The act would provide new shelters and transitional housing, as well as the homeless management information system.

ST PAUL, Minn. — The Minnesota Department of Transportation cleared a homeless encampment at the intersection of East Lake Street and Hiawatha Tuesday morning, citing safety concerns along a highway right-of-way. 

At the same time, several state lawmakers and shelter providers stood at the State Capitol, urging lawmakers to pass the Pathway Home Act.

"It is an investment in our future generations," said Rep. Heather Keeler (DFL-04A), who authored the bill.

Homelessness across Minnesota has been declared a public health crisis as the number of unsheltered Minnesotans continues to rise. 

"On any given night there are about 20,000 people here in Minnesota who are experiencing homelessness, and 50,000 people will experience homelessness over the course of this year," explained Rhonda Otteson, with the Minnesota Coalition for the Homeless. 

Numbers representing the lives of many in marginalized communities. 

"Indigenous people are 30 times as likely, and Black people 12 times as likely than white people to be homeless. Hundreds of young people, particularly LGBTQIA youth do not have a permanent home," said Re. Liz Reyer, (DFL-52A)

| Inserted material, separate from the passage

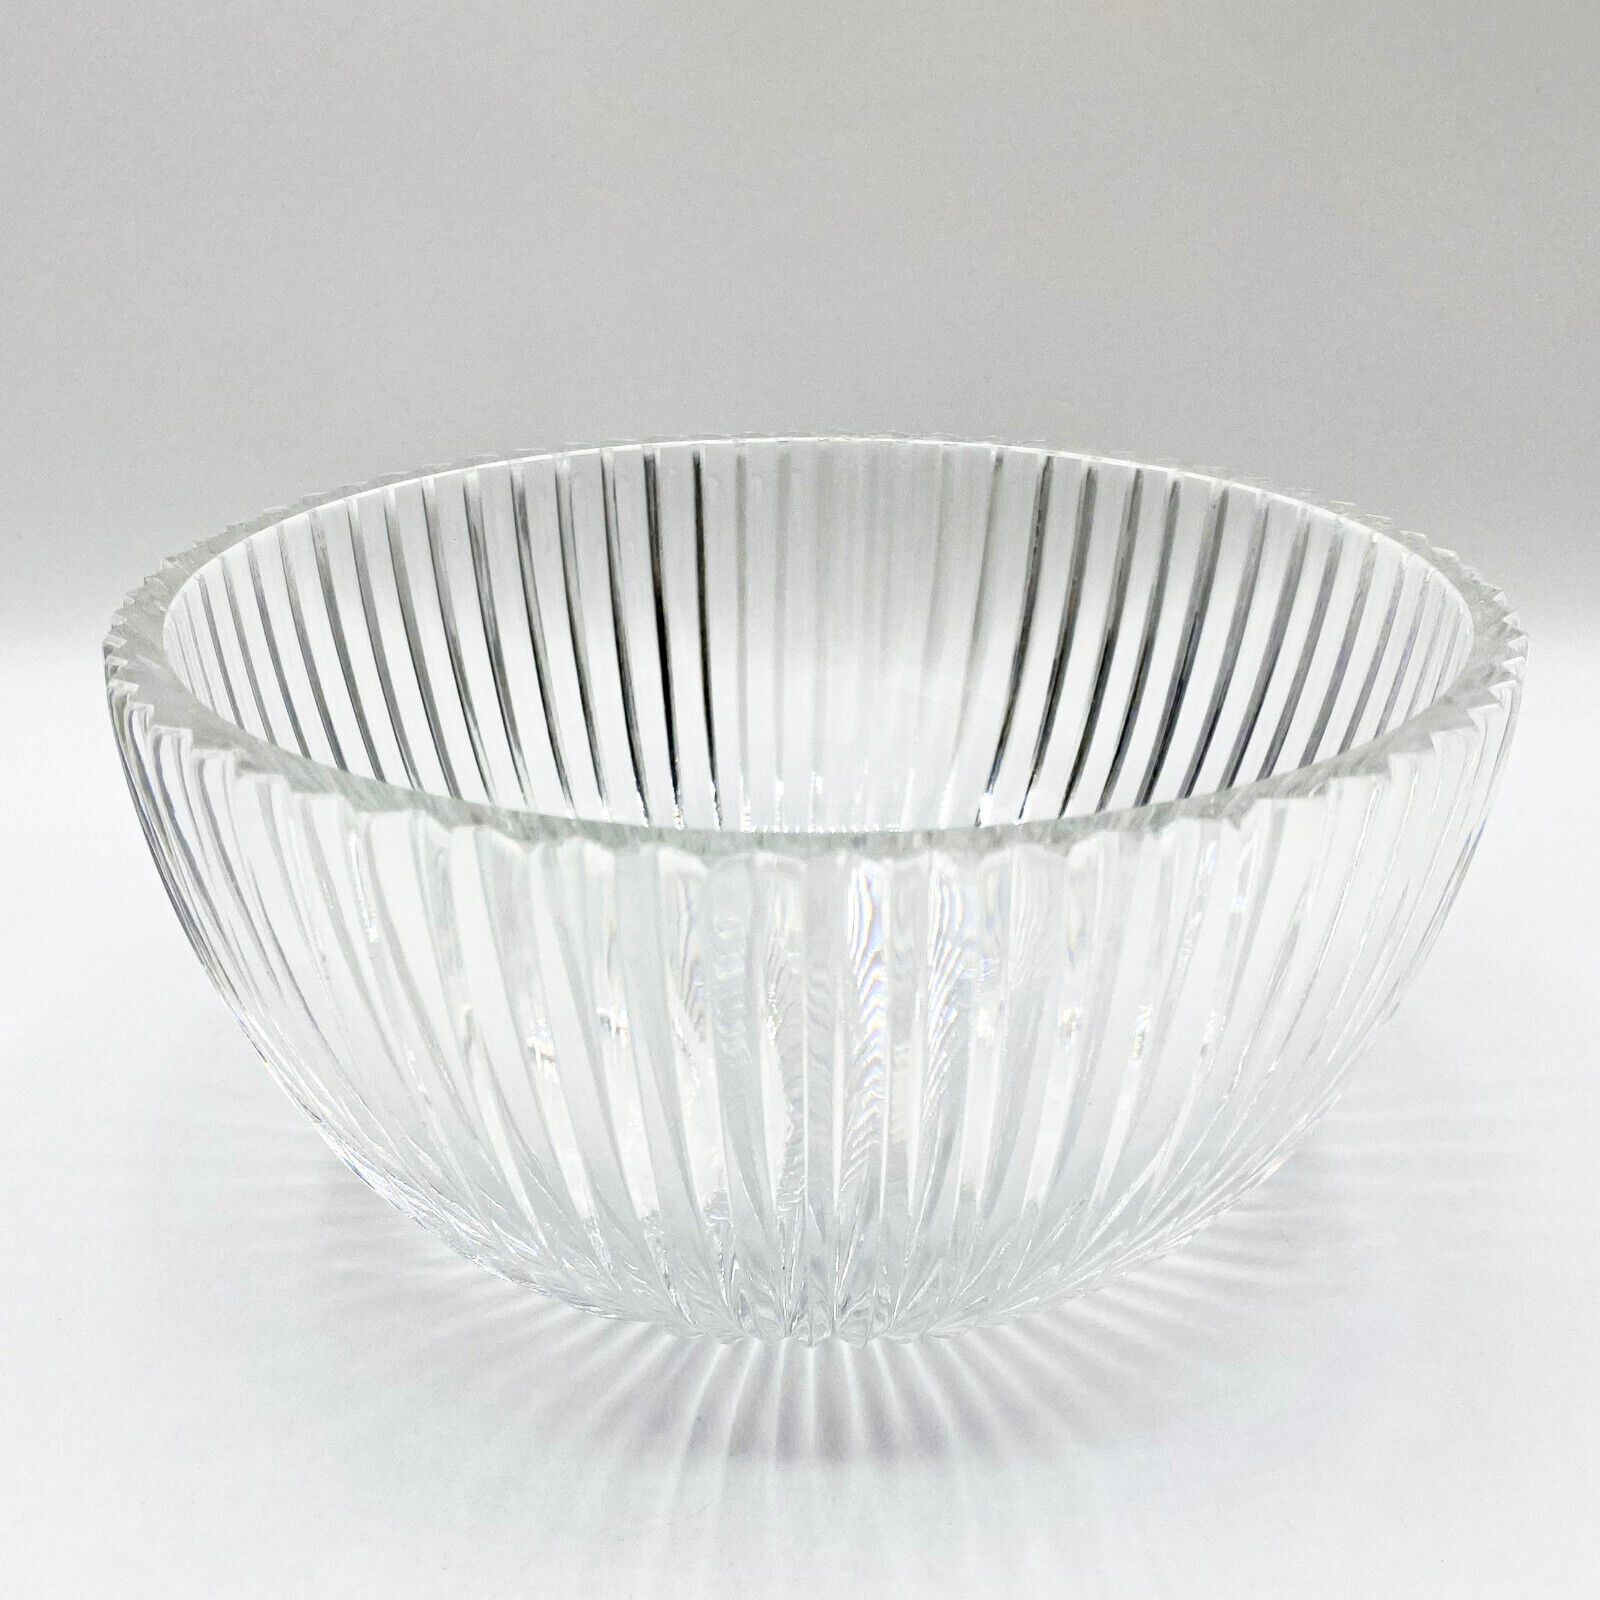 AFORS Vintage Swedish Cut Crystal Bowl Ribbed Fluted Design - KOSTA BODA

Startling statistics for lawmakers and shelter providers, underlining the need to pass the Pathway Home Act. 

The act would provide new shelters and transitional housing, as well as the Homeless Management Information System (HMIS) — a database used to collect data on households experiencing or at risk of homelessness.

"It's a cost-effective step that reduces the need for more expensive and ongoing programming, but more importantly than that, it's our way to address the ongoing trauma that far too many people are experiencing," said Rep. Reyer. 

Trauma which Claudette McDowell is all too familiar with after losing her job and apartment in 2014.

"I never want to be homeless again, but I want to use my experience to change the system and make things better for all the people," said McDowell. 

"I urge our elected officials, please, please, please make sure this bill passes at the degree of urgency that we all are expecting and rightfully deserve," said Michael Goar, CEO of Catholic Charities. 

Providers say there are 86 projects across Minnesota that would create 3,500 shelter spaces that are ready to be funded, they're just facing a funding gap of roughly $200 million.